De Wet geluidhinder beschermt de volgende objecten:

  • woningen;
  • andere geluidsgevoelige gebouwen;
  • geluidsgevoelige terreinen.

Deze bescherming geldt als het gebruik van deze objecten is toegestaan volgens het bestemmingsplan, de beheersverordening, omgevingsvergunning afwijken bestemmingsplan of beheersverordening. Op tijdelijk afwijken van het bestemmingsplan met een periode van maximaal 10 jaar is de Wet geluidhinder niet van toepassing.

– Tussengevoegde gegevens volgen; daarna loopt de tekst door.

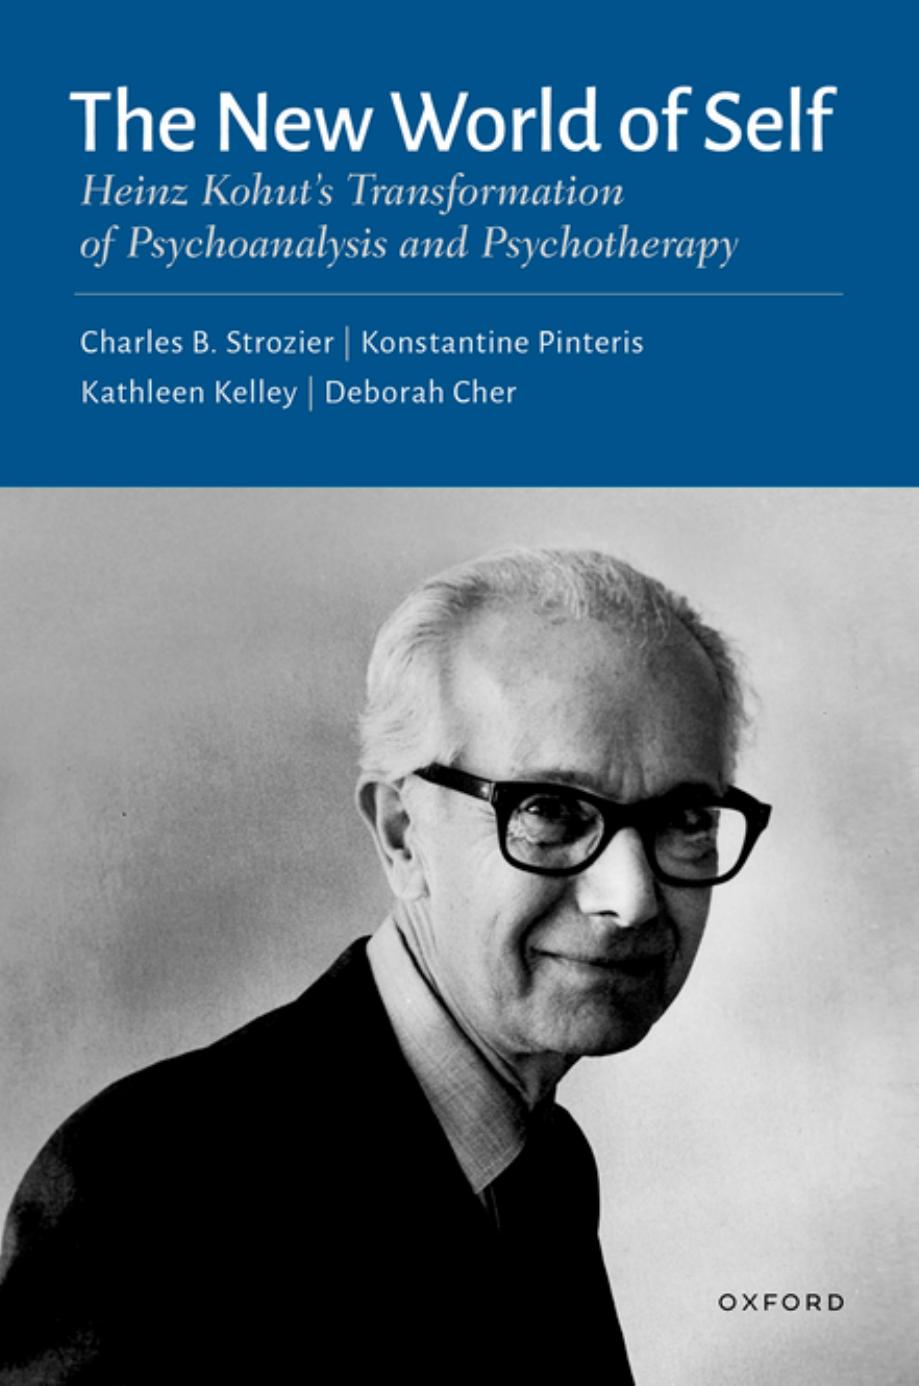 The New World of Self: Heinz Kohut's Transformation of Psychoanalysis and Psychotherapy by Charles B. Strozier Konstantine Pinteris Kathleen Kelley Deborah Cher
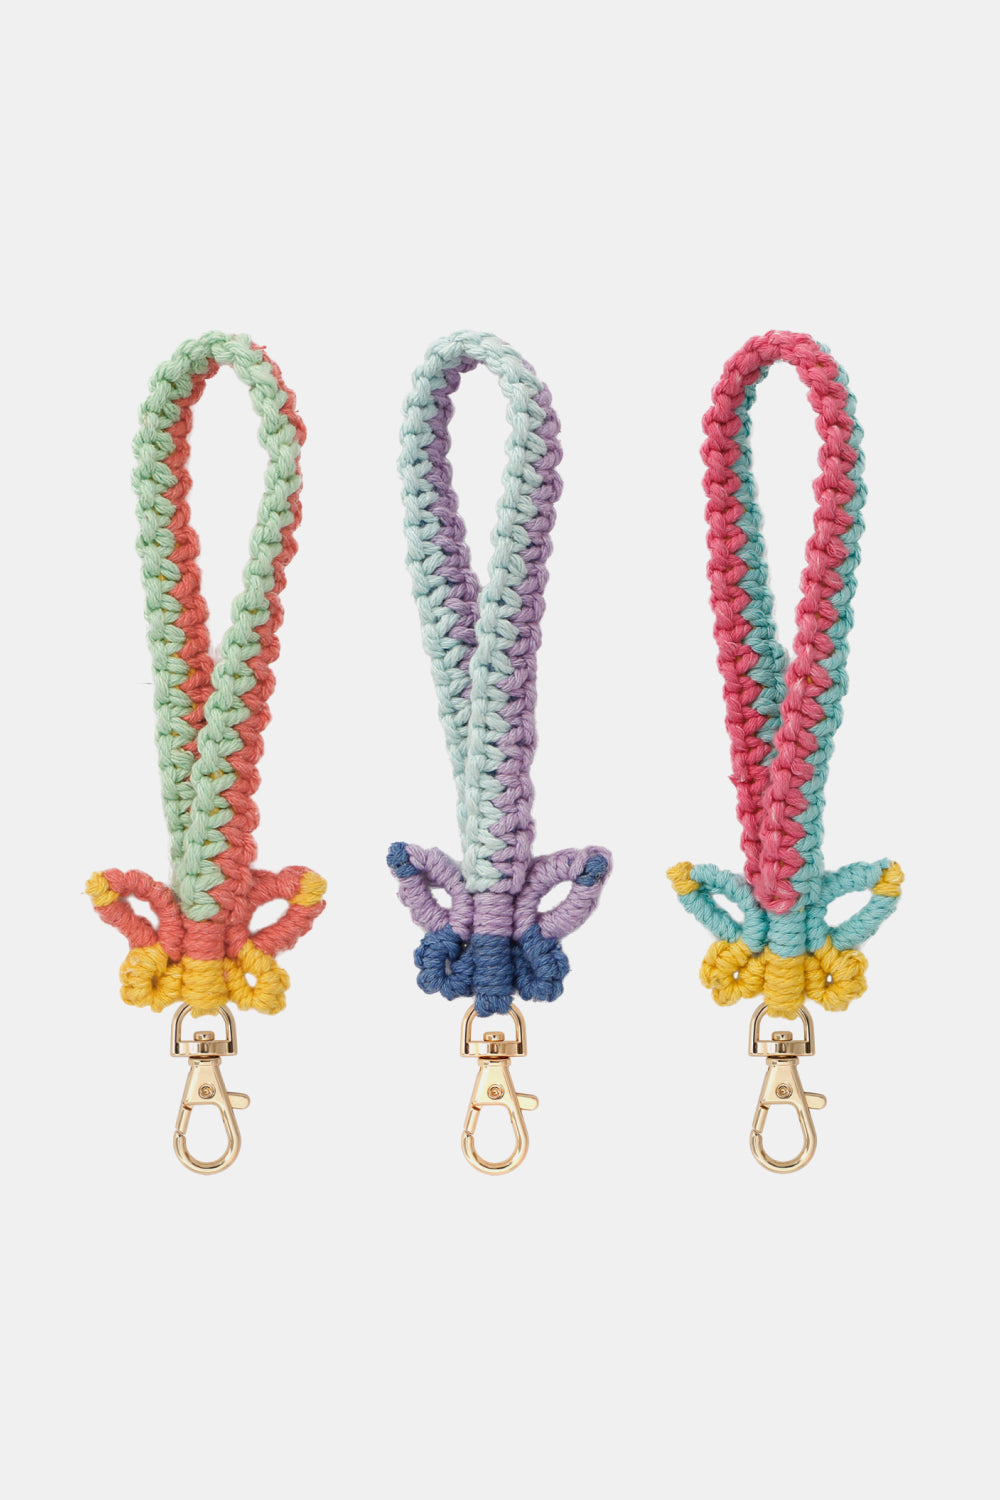 Trendsi Cupid Beauty Supplies Keychains Butterfly Shape Macrame Key Chain

Onder "woning" wordt verstaan (artikel 1 Wet geluidhinder): gebouw of gedeelte van een gebouw waar bewoning is toegestaan op grond van de geldende planologische status (bestemmingsplan, de beheersverordening, omgevingsvergunning afwijken bestemmingsplan of beheersverordening). De Wet geluidhinder kent het begrip bedrijfswoning niet. Een bedrijfswoning is gewoon een woning, waarvoor het mogelijk is een hogere waarde (als nodig) te verlenen. Dit geldt natuurlijk alleen voor bedrijfswoningen die zijn gelegen in een geluidzone. Hotels, recreatiewoningen en kantoren zijn niet geluidgevoelig in het kader van de Wet geluidhinder.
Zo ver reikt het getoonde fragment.